This week a man gunned down 8 people in Atlanta. They were all hard-working, underpaid women, and most were Asian-American. Following terrorist attacks like this, the media is perpetually focused on motive. It seems like nothing can really be decided about the crime until someone comes up with a reason why it was committed. Why in the sam hill is motive so important? Is there a motive out there that would offer a mitigating circumstance? Is there a reason to take the lives of innocent people that could help us understand it? Are some people actually looking to excuse mass murder?
This massacre is similar to Charleston, El Paso, Orlando, and Pittsburgh. We call them “hate crimes” because they target a specific group of people that the murderer hates. Rightfully so, hate crimes carry with them an extra wallop of punishment. However, massacres not targeting a particular ethnicity, like Sandy Hook, Virginia Beach, and Las Vegas also originate in hatred, arrogance, and rage. While most things have multiple causes, it is not possible to mow down whole groups of people without hatred as a prime motivator.
Some people are better than others at checkers or basketball. Some people are better at loving than others. And some people are better at hating than others. Good haters are always in denial about the darkness in their souls, because if they acknowledged it, they might have to stop hating. Love, and basketball, help people to grow. Hatred stunts growth, both personal and relational.
The FBI has informed us that the greatest terror threat to this country is now from domestic terrorists, mostly white supremacists. Many white men are not able to tolerate the idea that they might have to share their place at the top of the heap. Instead of waiting to find out if others might truly have something to offer, or whether their traditional power positions have truly been earned – they lash out. Some take to social media, some join hate groups, and the most unstable become domestic terrorists.

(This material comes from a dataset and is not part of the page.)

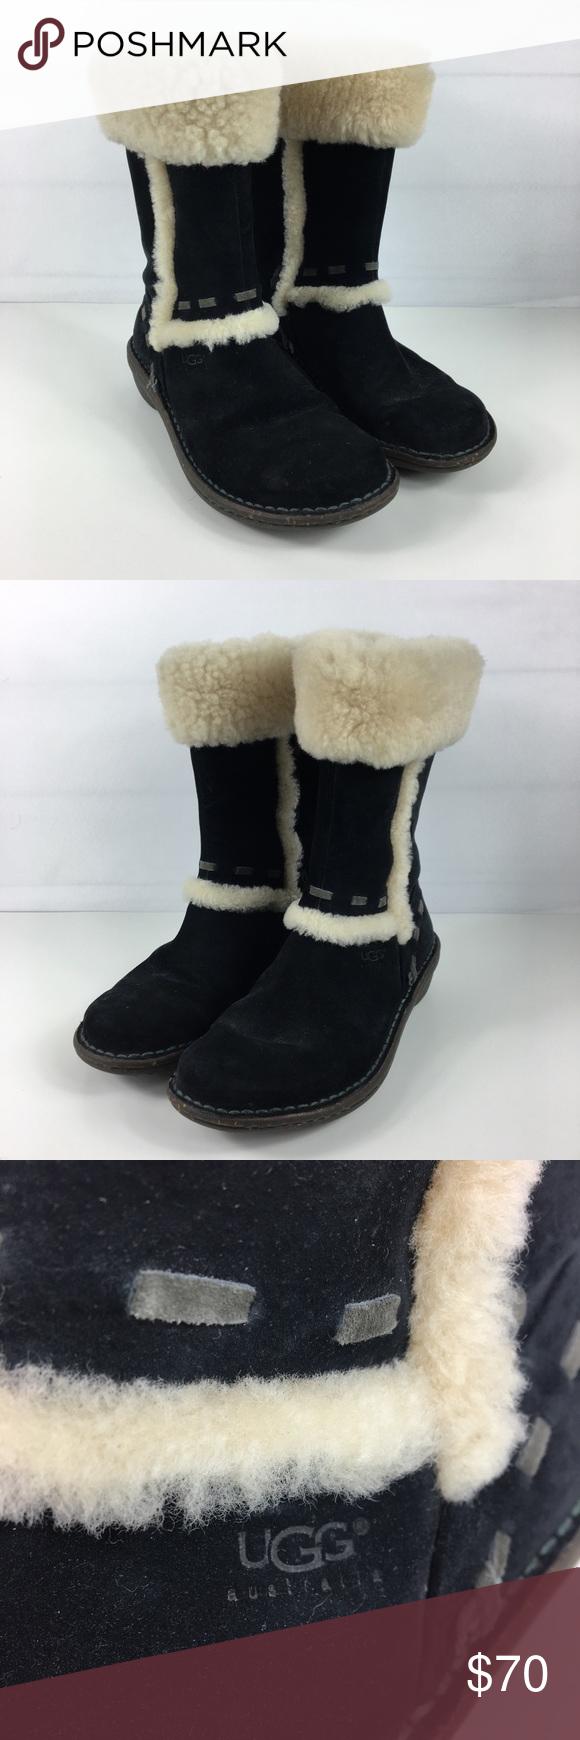 Women's Elijo UGG Boots

In my experience, only two groups of people who may commit terrorist acts are exempt from the obsession with motive. Those groups are Muslims and the police. 9/11 was an example of horrifying evil. But since then we have held onto the notion that all Muslims are prone to violence, and the average, law-abiding Muslim citizen is tarred with the same brush as Al Quaeda. Their “motive” is just being Muslim. While the majority of domestic terrorists are Christian, as a Christian myself I’ve never been lumped together with them.
And we still generally give the police a pass. Way too many people still look the other way, or find a way to justify, police killings of unarmed, mostly Black, people. Their motive may just as well be hatred, or even group-think, but since we have long ago sanctioned police violence, nobody asks about motive.
I have no doubt that focusing on “motive” for terrorist acts distracts us from the reality of the murderous rage and the hatred behind these acts. Evil is real. Human beings can do evil things.
We White people need to stop white-washing evil.